I principi che secondo l'Apu dovranno ispirare una corretta gestione amministrativa
condominiale devono riguardare:
1)Il bilancio di esercizio condominiale deve essere costituito di un conto
economico,che dia conto e rappresenti la dinamica di gestione dell'esercizio,fornendo
chiara informazione delle operazioni di gestione di entrate e uscite e
dell'eventuale residuo attivo della gestione;
2)Il bilancio condominiale deve comprendere altresi' uno stato patrimoniale
che sancisca la situazione patruimoniale del condominio riferito alle
categorie contabili delle attivita' e passivita' e una situazione di cassa;
3)Il bilancio condominiale deve comprendere e una tabella di ripartizione
delle spese che faccia riferimento a quanto previsto dal regolamento di
condominio e ai criteri di cui agli articoli1123,1124,1125,1126 CC
4)necessario corredo delle due situazioni contabili deve essere redatta,a
cura dell'amministratore,una breve nota illustrativa e riepilogativa che
illustrando i due conti (l'economico e il patrimoniale)fornisca i necessari
elementi di chiarezza per una lettura/interpretazione dei bilanci e delle
interconnessioni tra conto economico ,patrimoniale,situazione dei fondi,situazione
debitoria/creditoria;
5)esposizione di ogni singola voce sulla base della stretta rispondenza
a principi e caratteri che rendano ogni possibile voce analitica,verificabile
,documentabile e che la inseriscano in un contesto di esposizione del"

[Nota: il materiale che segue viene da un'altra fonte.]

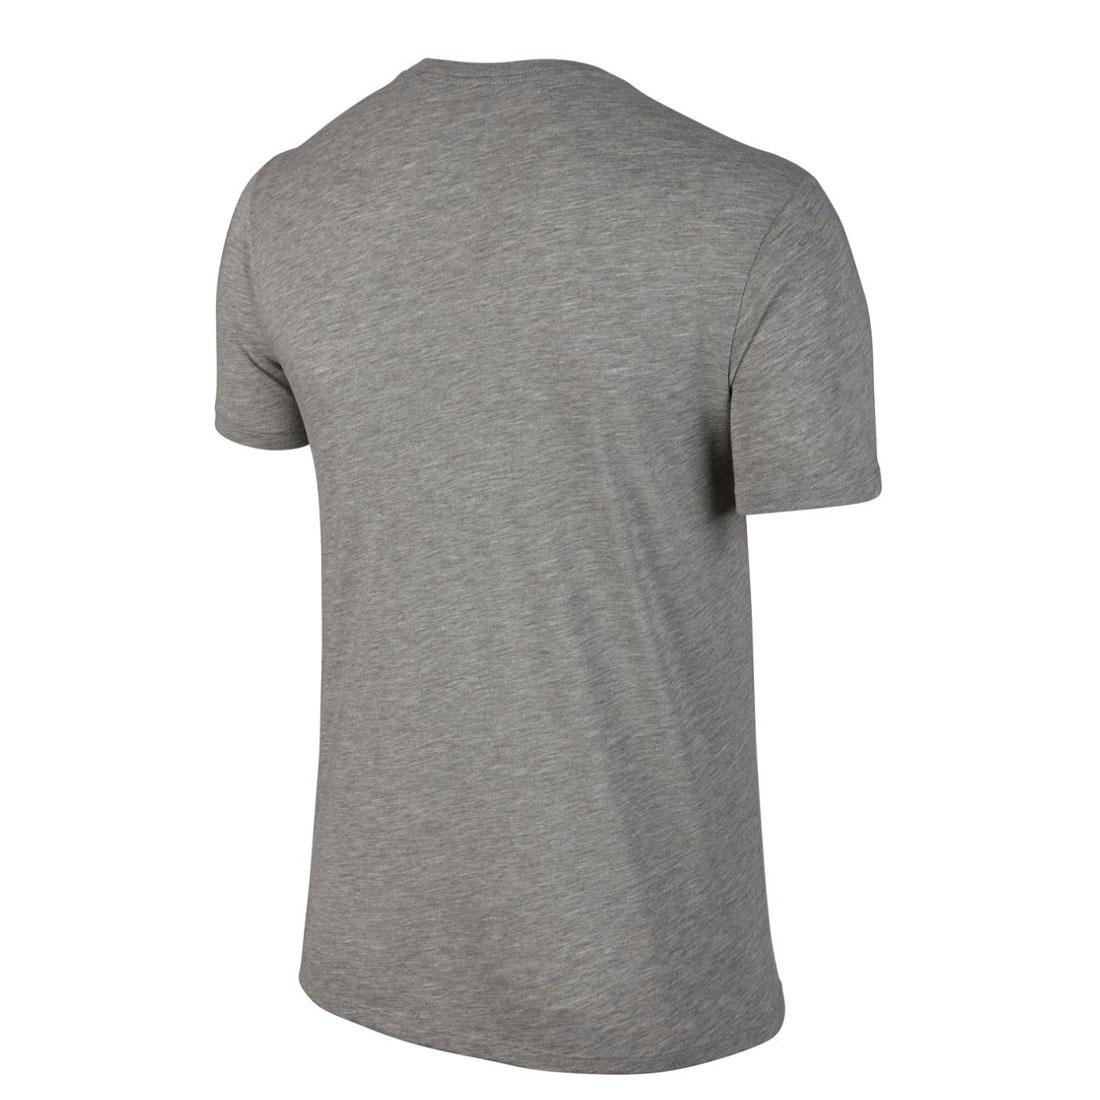 Nike Swoosh Mens Classic Gym T Shirt Cotton Crew Neck White Grey Sports Tee
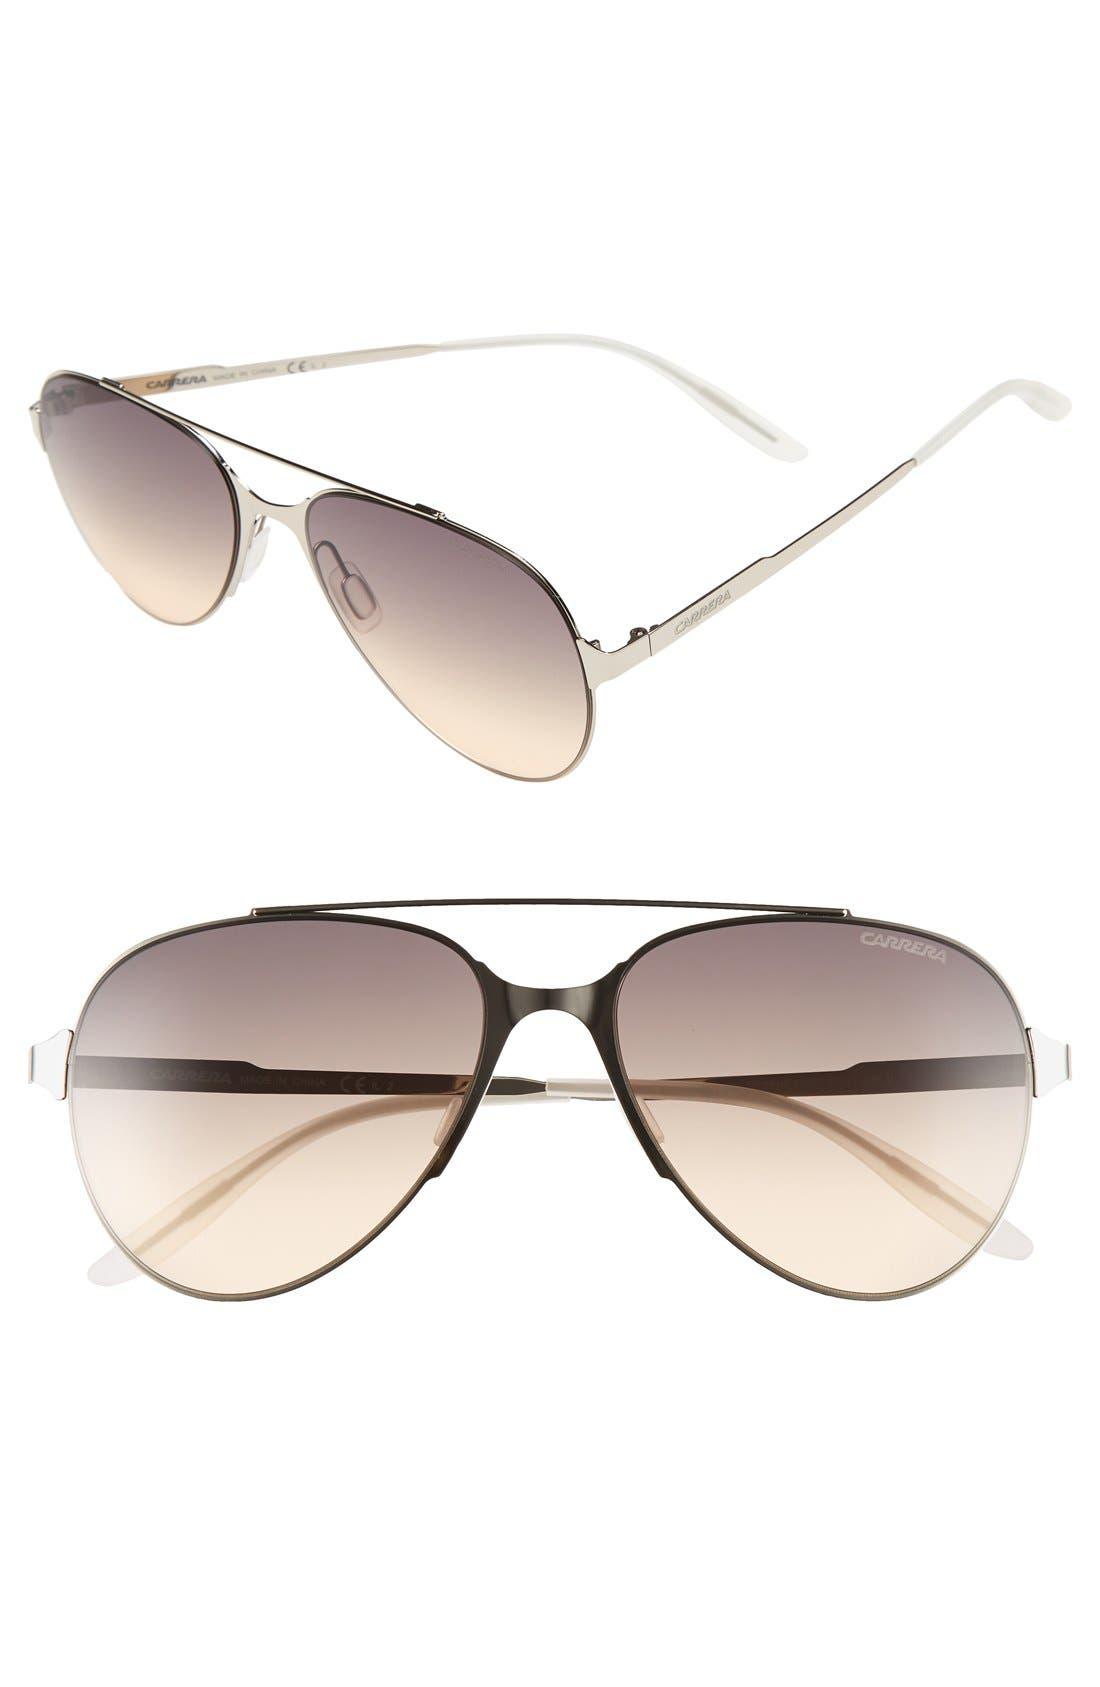 '113/S' Aviator Sunglasses,                             Main thumbnail 1, color,                             Matte Light Gold/ Dark Grey

documento contabile bilancio" che sia chiaro ,uniforme e che classifichi
i gruppi omogenei di voci per chiarezza e facilita' di lettura e comprensione
da parte dell'utente.
7)Il criterio assunto nella gestione contabile e nella formazione del
bilancio deve essere quello della competenza.
8)Si impone la tenuta di un chiaro e ordinato sistema di scritturazione
contabile e di conservazione della documentazione finalizzato non solo
alla piu' semplice redazione della rendicontazione e della ripartizione
della gestione,ma a consentire costantemente verifiche e controlli ,possibili
in qualsiasi momento della gestione e senza che il condomino debba giustificare
o motivare la richiesta ,ma che in particolare devono essere consentiti
agli utenti almeno trenta giorni prima dell'assemblea che dovra' approvare
il bilancio.
In particolare sara' necessario che tutte le scritture contabili, le fatture
e i giustificativi delle spese sostenute siano depositati e conservati
presso l'amministrazione ,ovviamente in carica,per il termine lungo di
dieci anni anche se in alcuni casi di rapporti gestiti in ambito condominiale
sarebbe sufficiente un termine di 5 anni,ma per evitare confusioni e sovrapposizioni
di termini si propende per la generalizzata adozione del termine decennale.